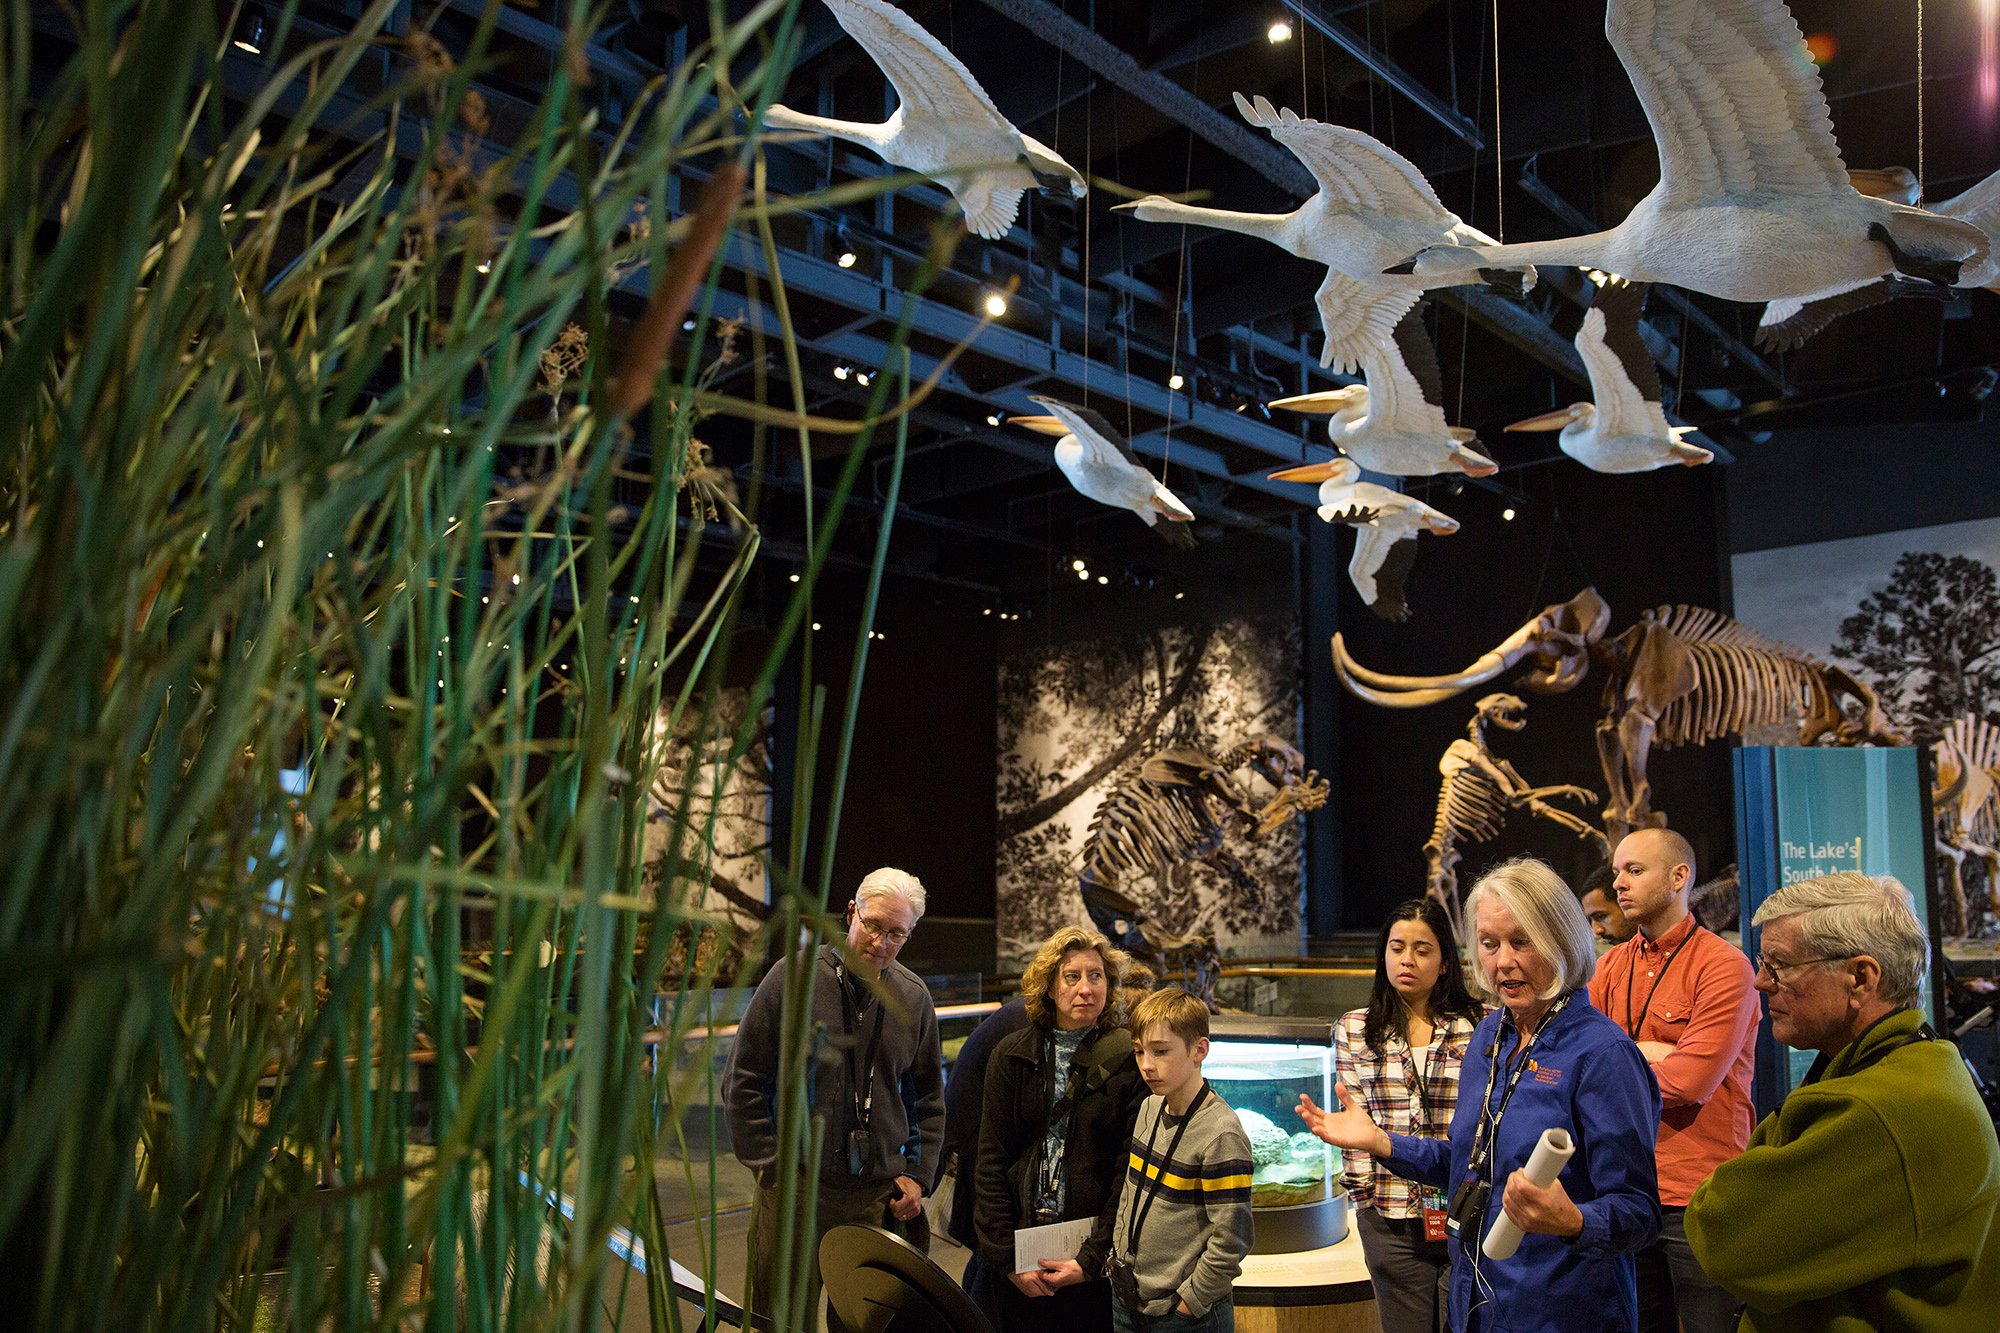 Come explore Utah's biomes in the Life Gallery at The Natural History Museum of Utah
* * *
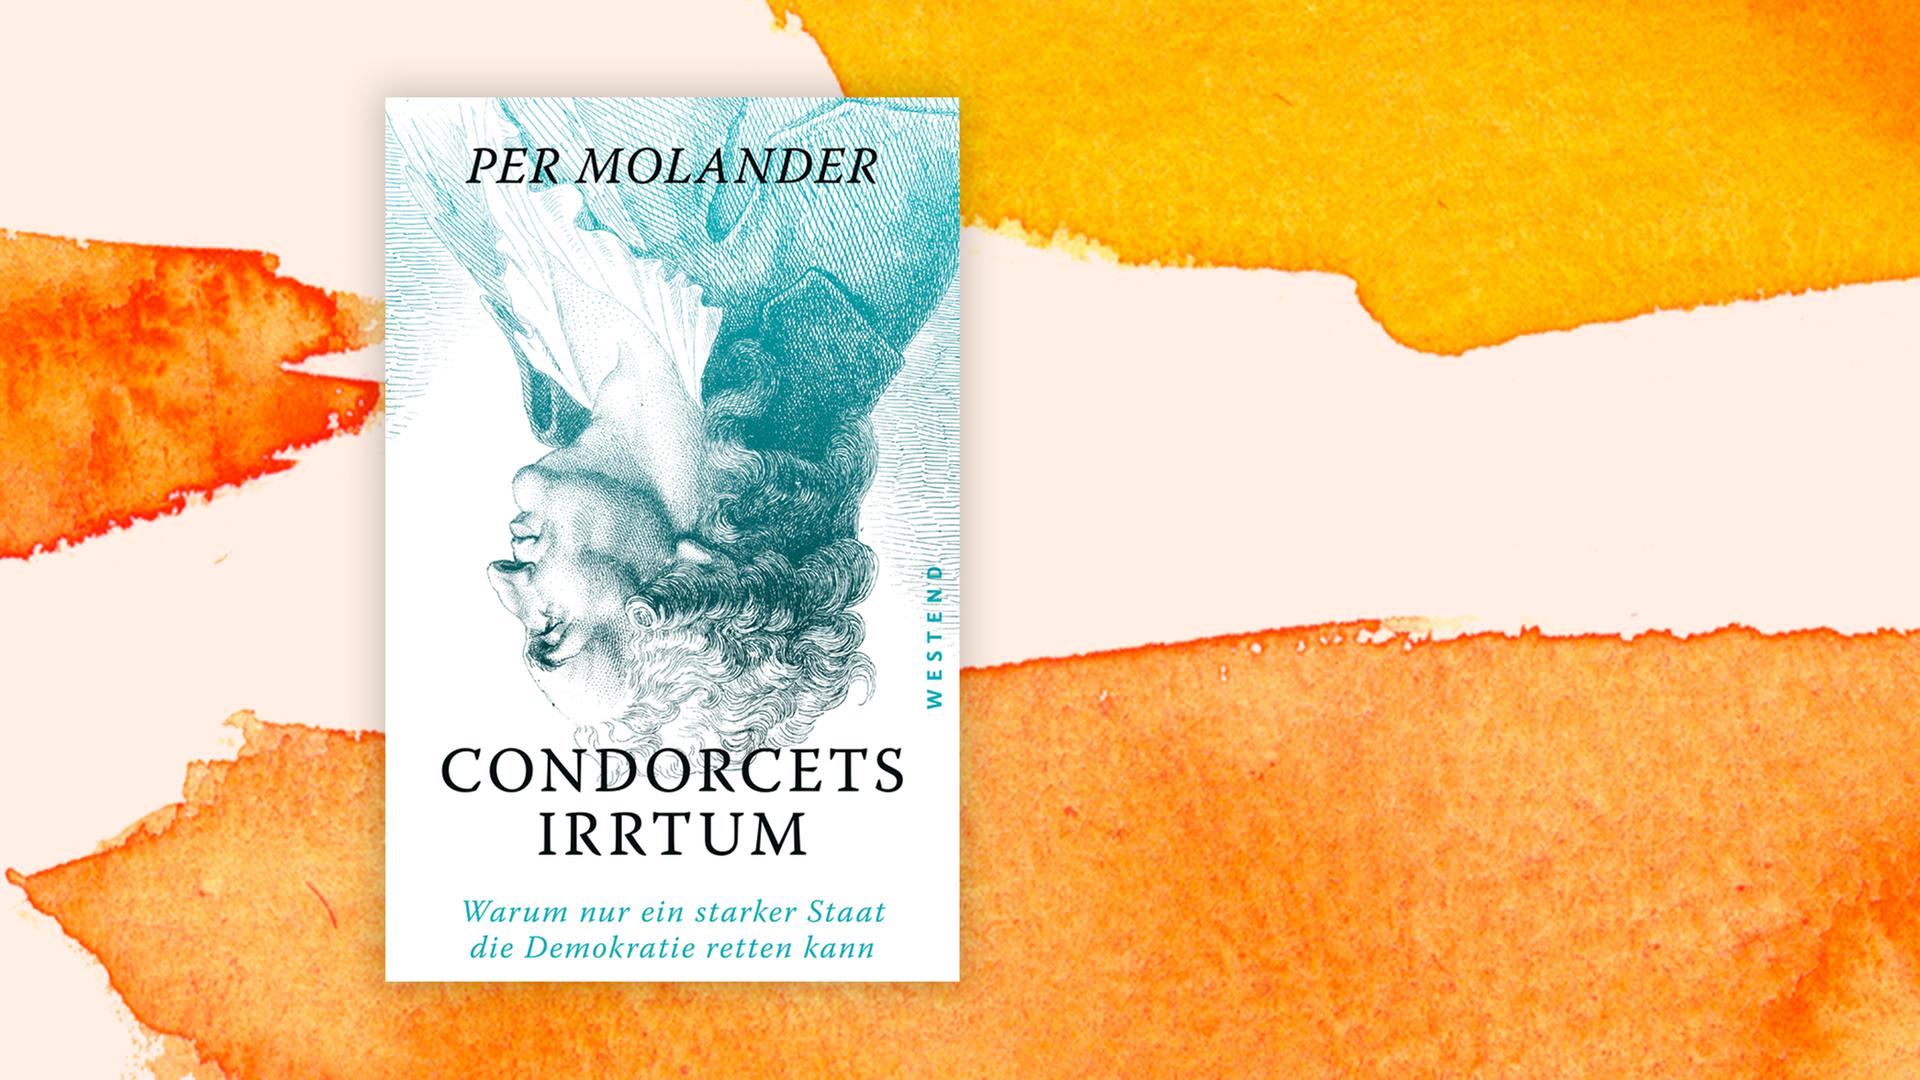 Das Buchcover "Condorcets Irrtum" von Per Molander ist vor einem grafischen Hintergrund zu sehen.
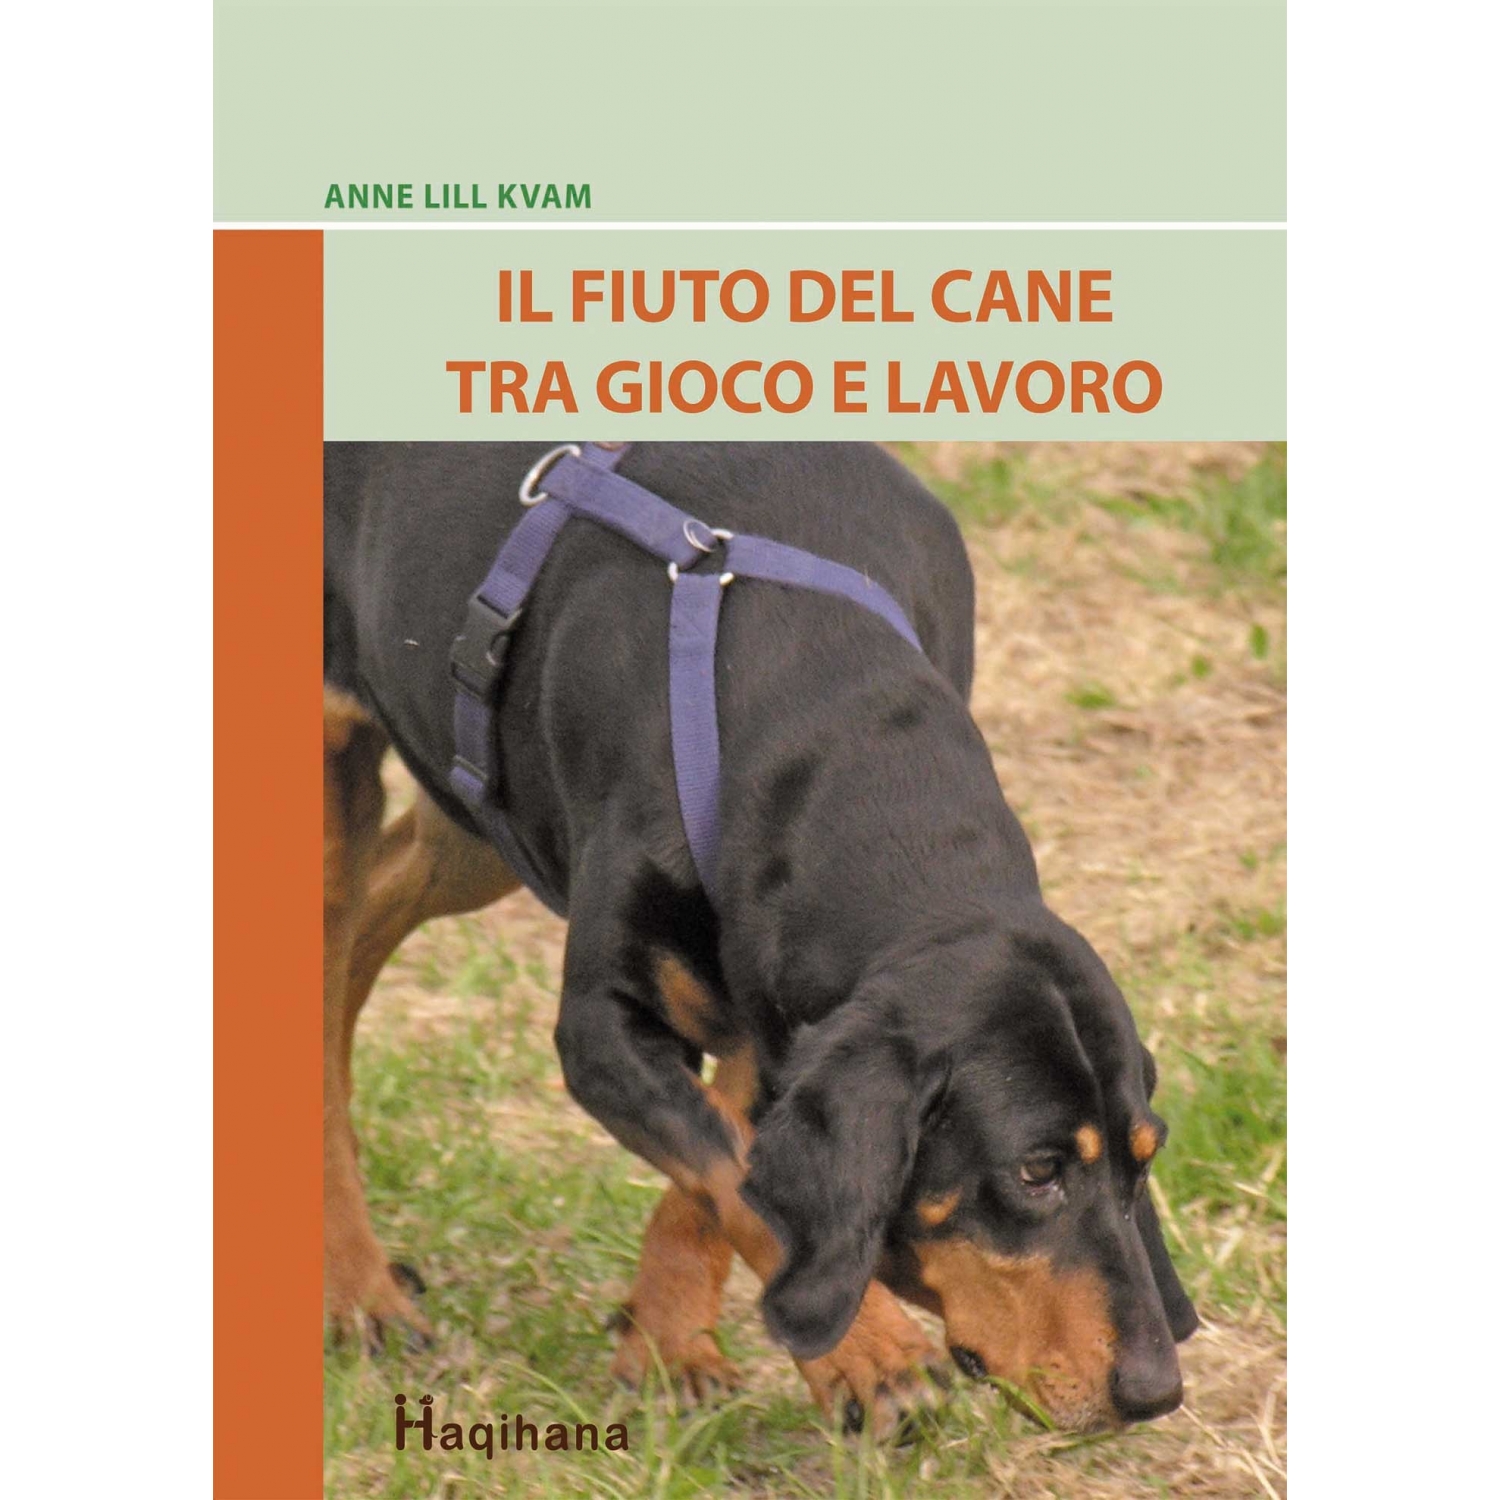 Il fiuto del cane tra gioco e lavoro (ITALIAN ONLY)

• [AIM OF THE TASK] Up in the listing, locate the line with "Hintergrund zu sehen."; print it and every line after it down to the line with "Il fiuto del", which is included too. Skip the pictures.

• [ANSWER TO THIS PROBLEM]
 Das Buchcover "Condorcets Irrtum" von Per Molander ist vor einem grafischen Hintergrund zu sehen.
 Il fiuto del cane tra gioco e lavoro (ITALIAN ONLY)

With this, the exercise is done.